É muito fácil identificar “Only Murders in the Building” como a grande influência de “Bodkin”, nova série da Netflix, logo em seus primeiros momentos. A série criada por Jez Scharf, em seu primeiro grande trabalho, brinca com a saturação do mercado de podcasts de crimes ao mesmo tempo em que trata das transformações do jornalismo profissional – seria o podcaster um jornalista ou apenas um “entertainer”?
“Bodkin” tem início quando Dove (Siobhán Cullen), uma jornalista investigativa do renomado “The Guardian”, encontra uma importante fonte morta em casa. O caso vira um escândalo e, para afastá-la do burburinho dos tabloides londrinos, seu editor a envia para a pequena Bodkin, na Irlanda, onde um podcaster americano pretende “investigar” o não solucionado desaparecimento de três jovens há 25 anos.
O podcaster é Gilbert (Will Forte), que estourou com um true crime de sucesso e está em busca de sua próxima grande história. Seu perfil, boa praça, querendo se enturmar e fazer tudo pelos caminhos oficiais, contrasta imediatamente com o de Dove, uma jornalista sisuda, acostumada a investigar por conta própria, a buscar sempre as histórias marginais para contar o arco principal. Com eles ainda há Emmy (Robyn Cara), uma jovem produtora que faz o elo entre gerações e estilos distintos.
É óbvio que, quando eles começam a cavucar a história, muita coisa aparece, como se todos em Bodkin tivessem algo a esconder. É nesse momento que o impetuoso faro jornalístico de Dove de enxergar possibilidades faz a diferença, mas ela carece do carisma e do lado humano de seu novo colega.
“Bodkin”, a série, se constrói nas diferenças não apenas entre os personagens, mas também culturais. A princípio, a pequena cidade irlandesa e seus moradores são caricatos, exatamente como seriam se pedissem para alguém que nunca foi à Irlanda descrevê-los.

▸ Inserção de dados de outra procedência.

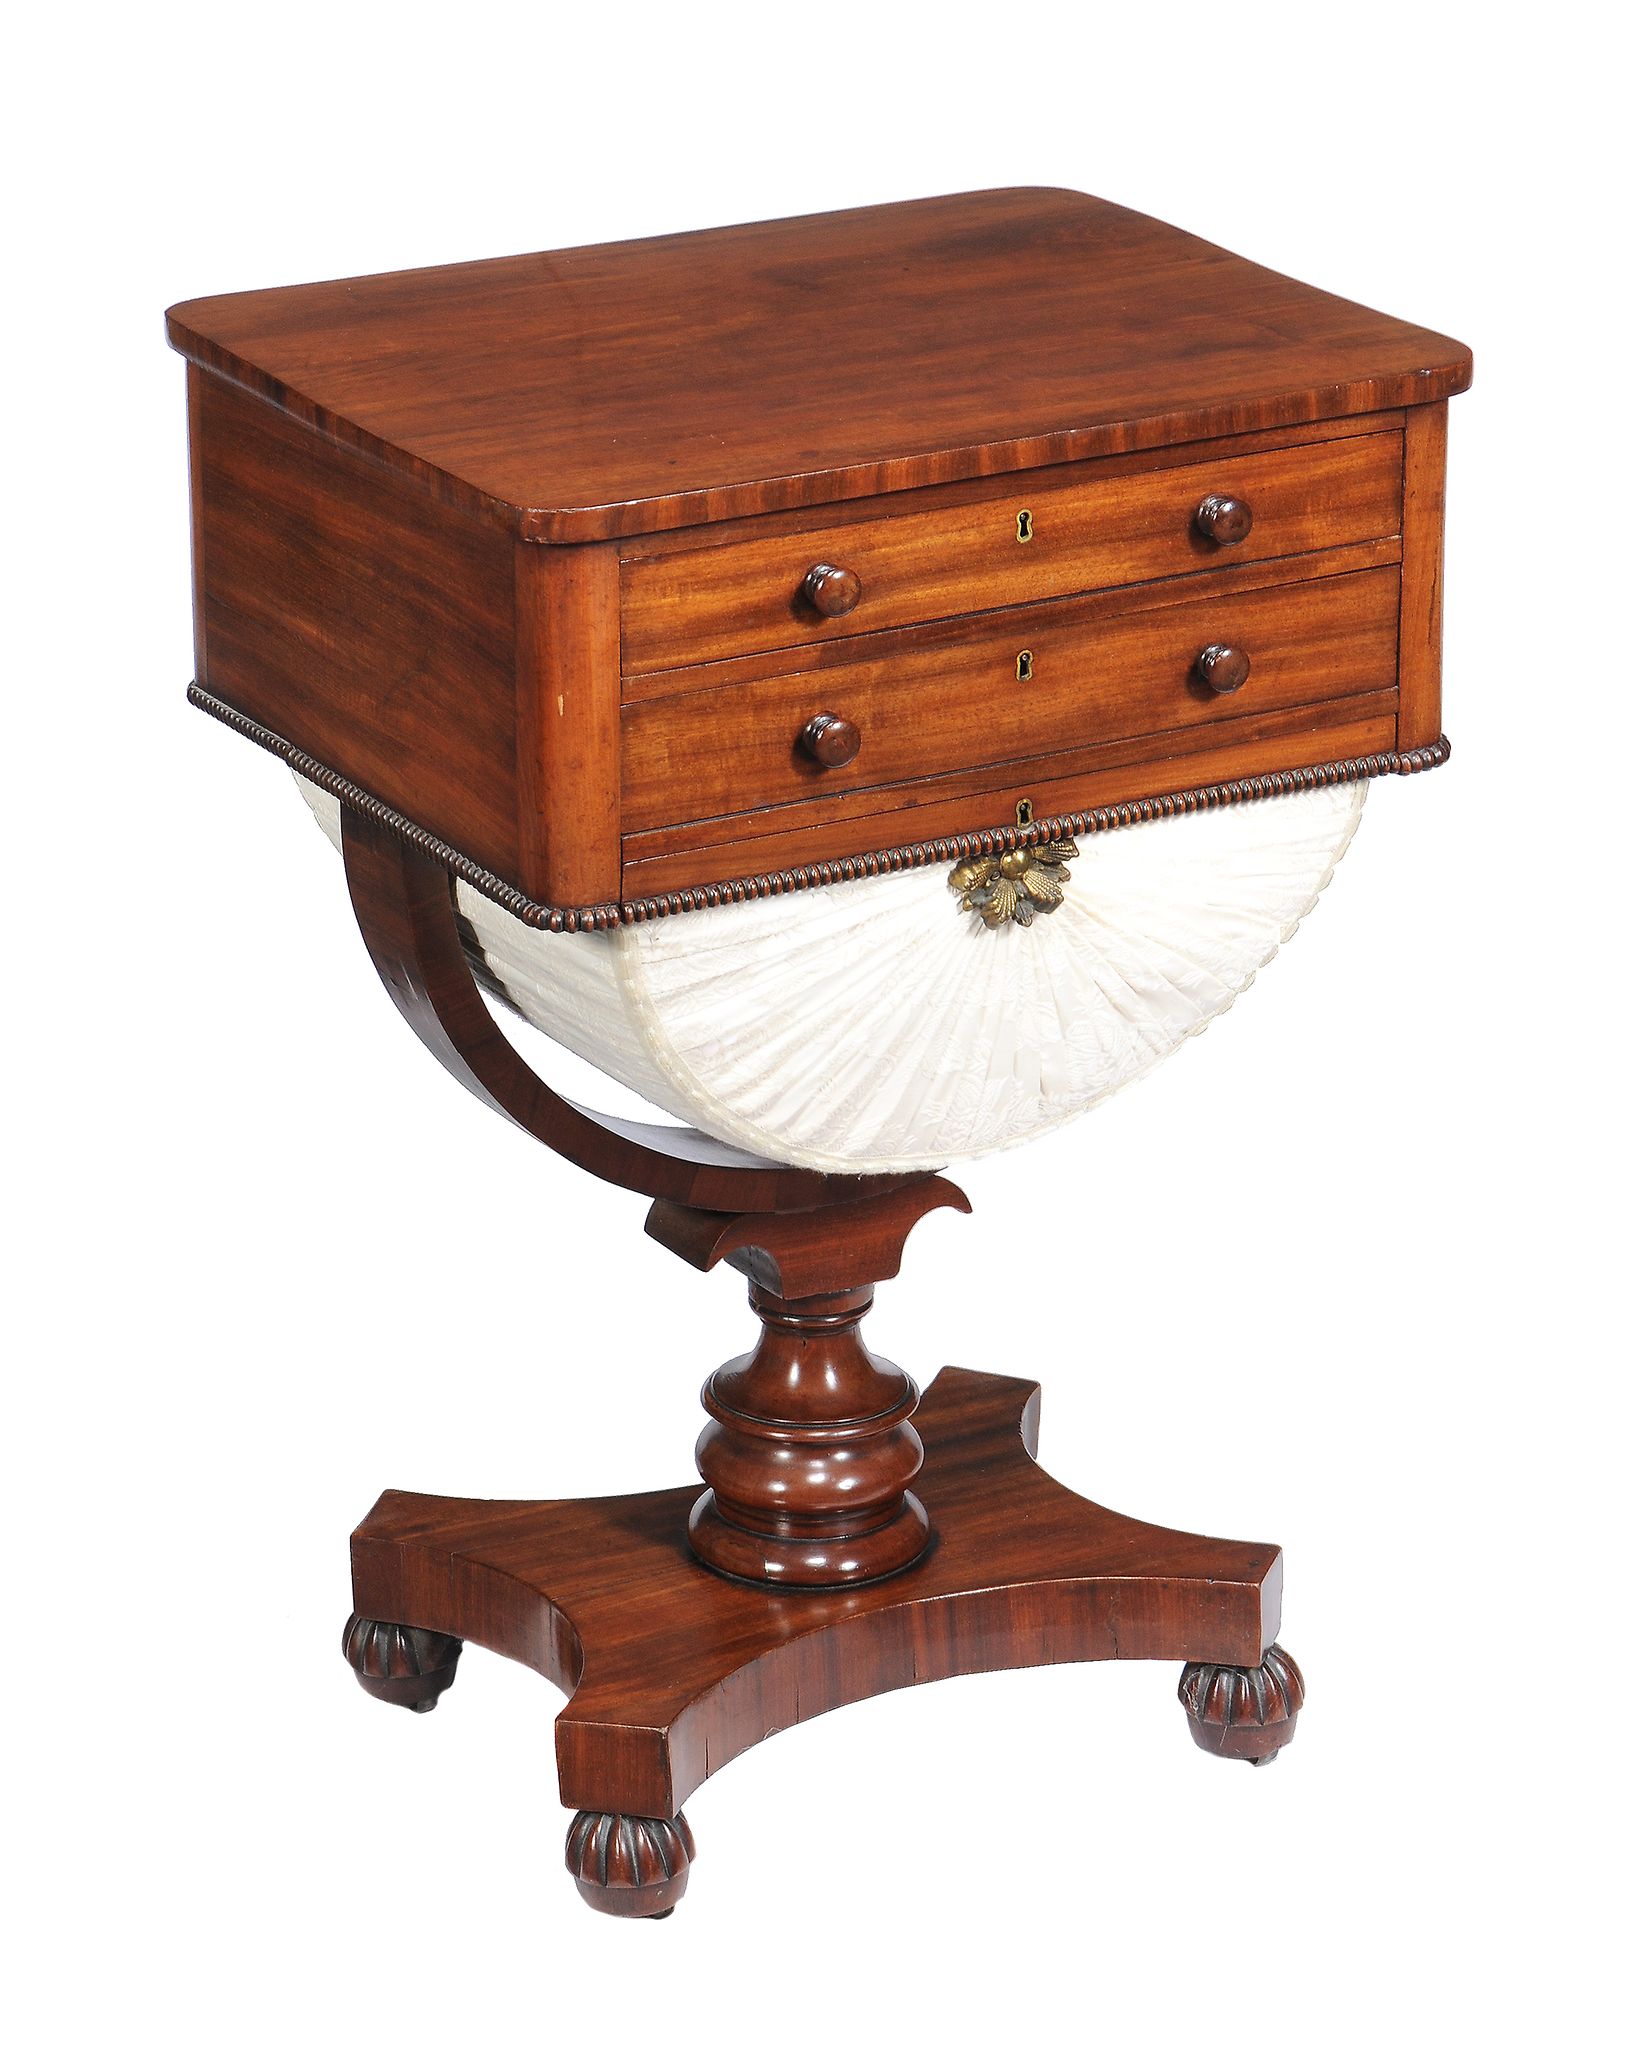 A William IV mahogany work table, circa 1835, the top drawer with a divided interior, 69cm high,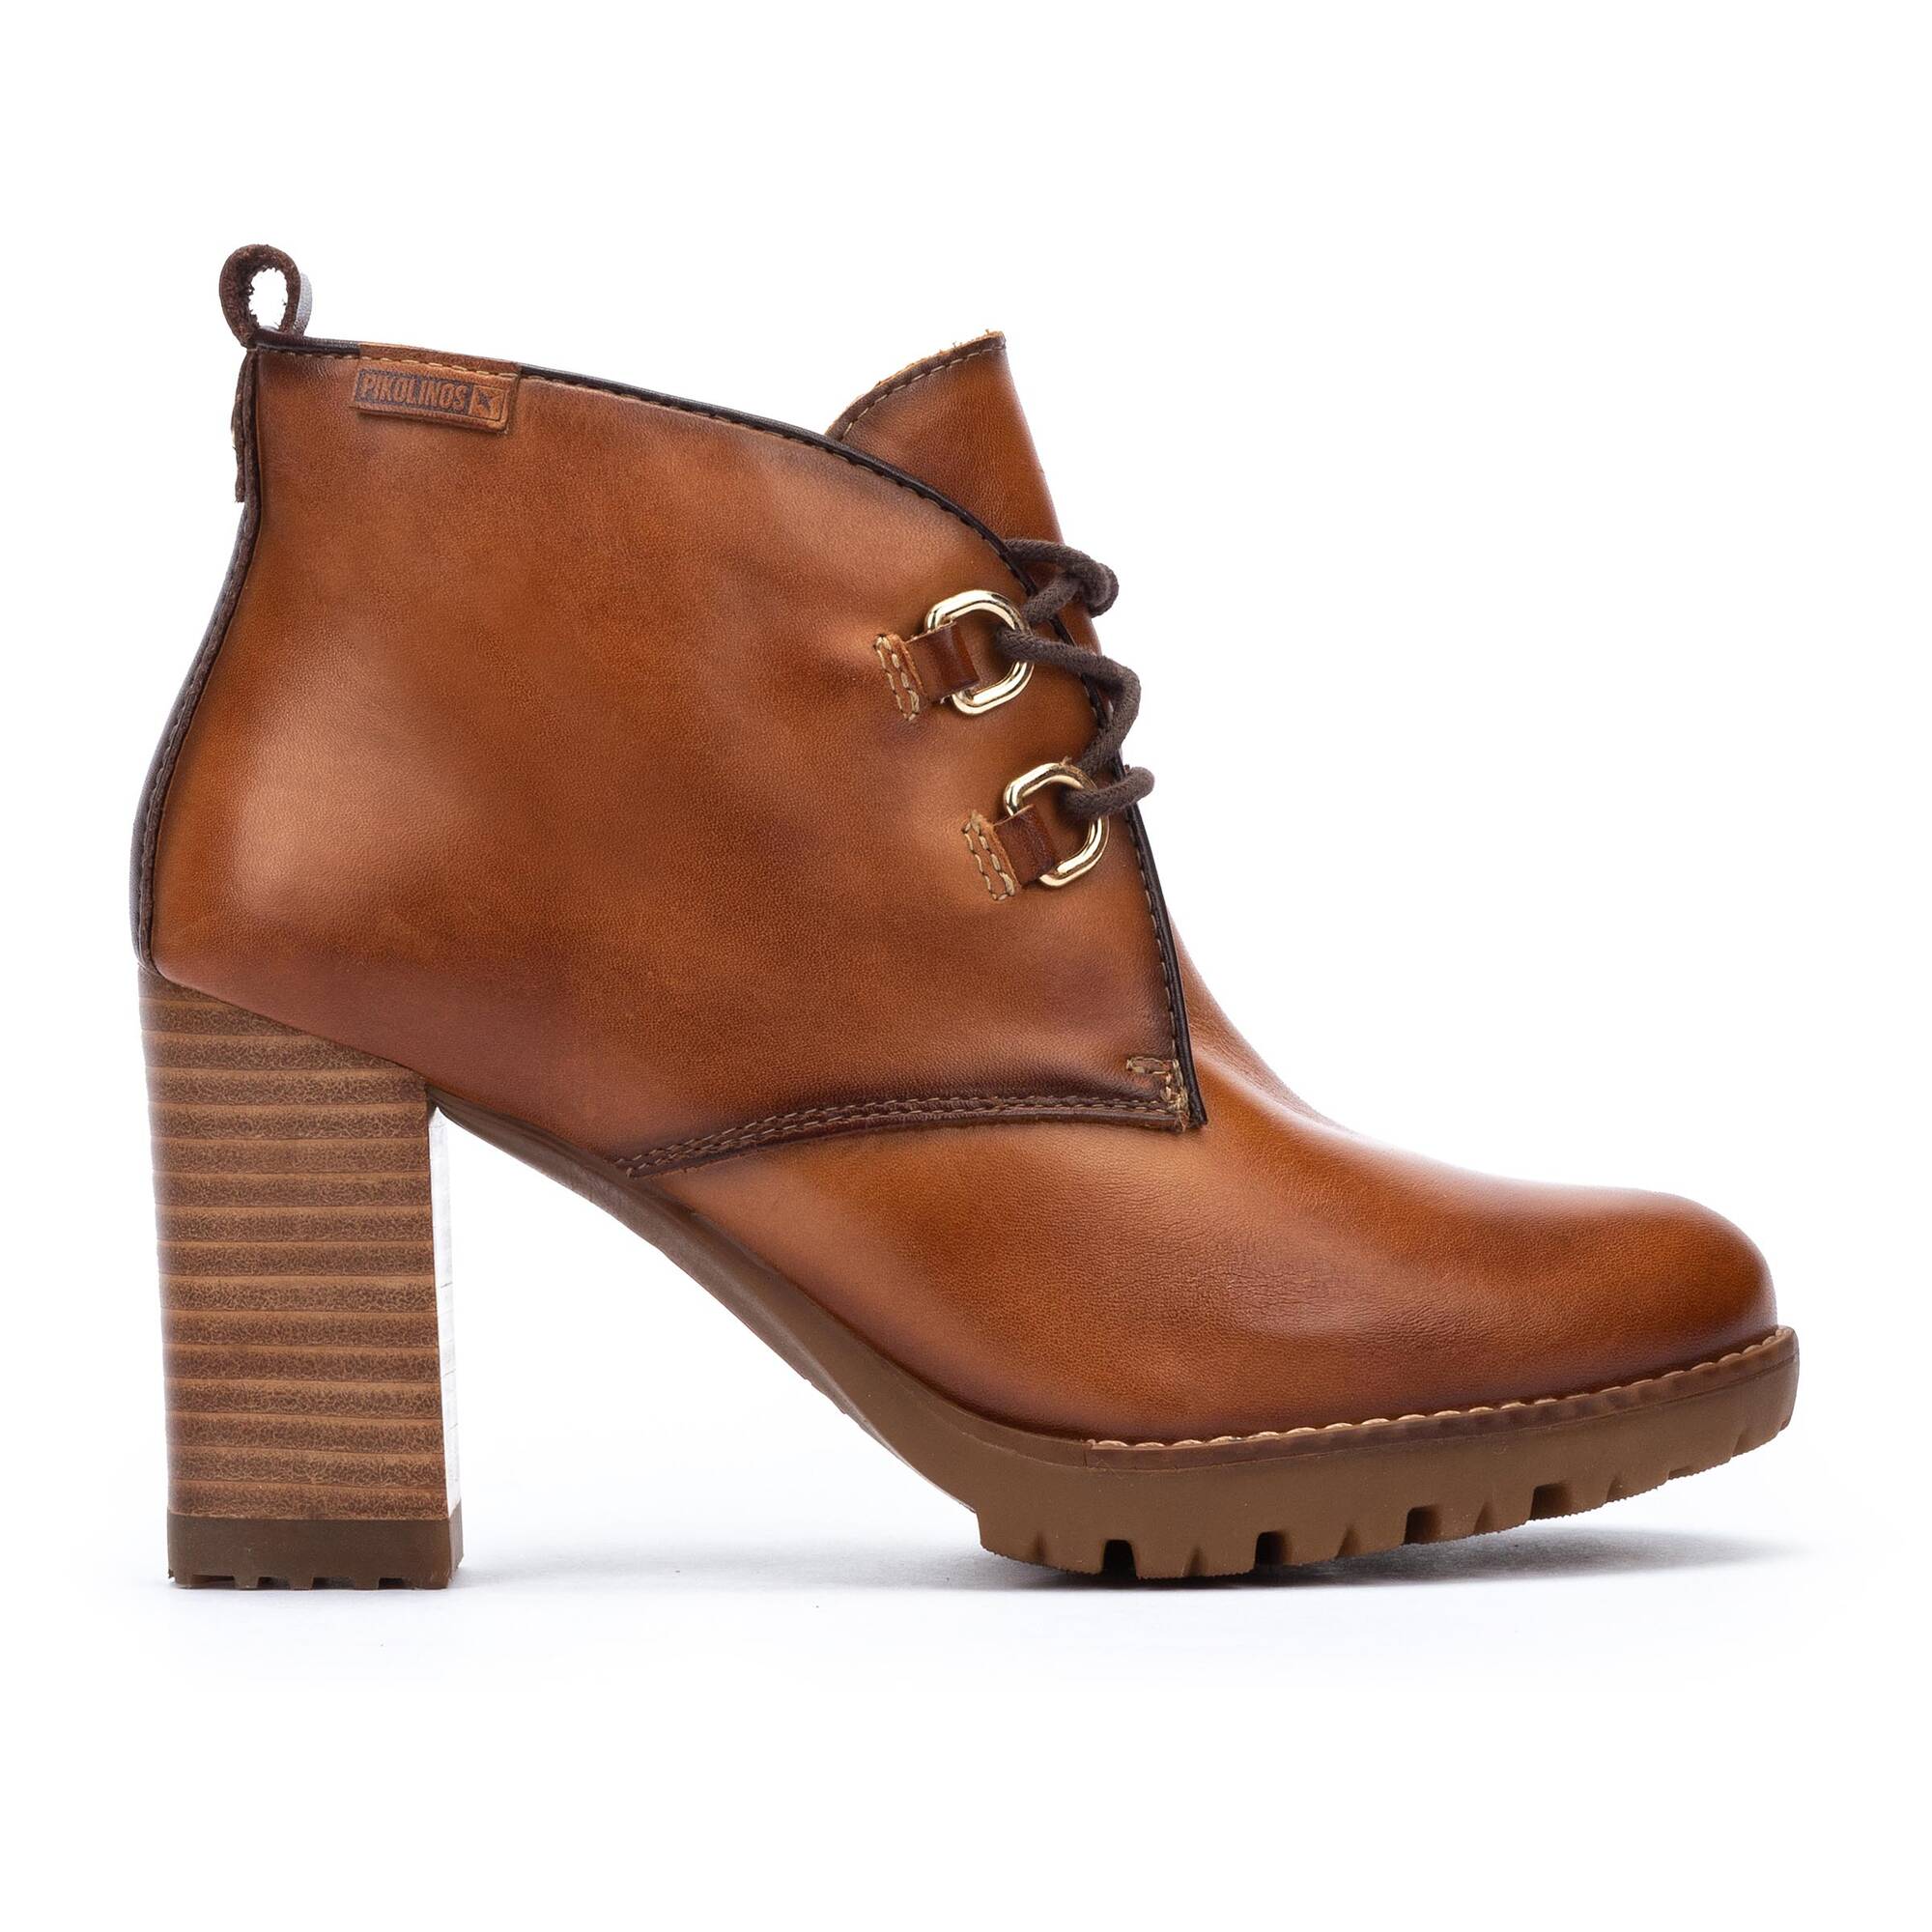 Absatzschuhe | CONNELLY W7M-7562C1, BRANDY, large image number 10 | null

A caricatura, no entanto, rende boas possibilidades para explorar o humor de estadunidense ingênuo de Will Forte – com o tempo, porém, percebemos que ela está ali mais para esconder quem, de fato, são aquelas pessoas. Se Gilbert quer contar a história que seu público quer ouvir, por que não entregar a ele as caricaturas que ele quer ver?
O texto de “Bodkin” é esperto, inteligente, sempre indicando pistas para o mistério investigado, mas raramente subestimando a inteligência do espectador com coincidências e viradas pouco plausíveis. A série até brinca com isso no ótimo quinto episódio (de sete), quando conecta tudo o que o episódio anterior parecia usar como muleta. A montagem é ótima e ajuda na construção da narrativa, colocando o espectador ao lado do trio de protagonistas na investigação.
“Bodkin” é também uma série engraçada, com situações improváveis e algumas piadas, tanto físicas quanto de falas, que funcionam muito bem. Assim, mesmo no momento em que parece dar uma derrapada, ela garante no mínimo algumas boas risadas.
O lado mais “sério” da série está justamente em criar oposição entre o velho e o novo, entre os costumes do Velho Mundo (a Europa) apresentados a um estadunidenses, alguém que veio do Novo Mundo. Da mesma forma, com o jornalismo no centro da questão, Gilbert e Dove se desenvolvem, aprendem um com o outro, ele buscando ser mais impetuoso e ousado em sua busca pela história, já ela, aprendendo a lidar com o aspecto humano das narrativas que constrói.
Ao fim, com sete episódios e um arco fechado que possibilita novas histórias, mas sem deixar nenhum gancho da trama que conta, “Bodkin” é uma boa surpresa. A mistura de diferentes estilos de humor, a influência das narrativas modernas de “whodunit” e a compreensão de que não é preciso enganar o espectador em uma trama de mistério fazem do lançamento da Netflix uma obra bem acima da média da plataforma.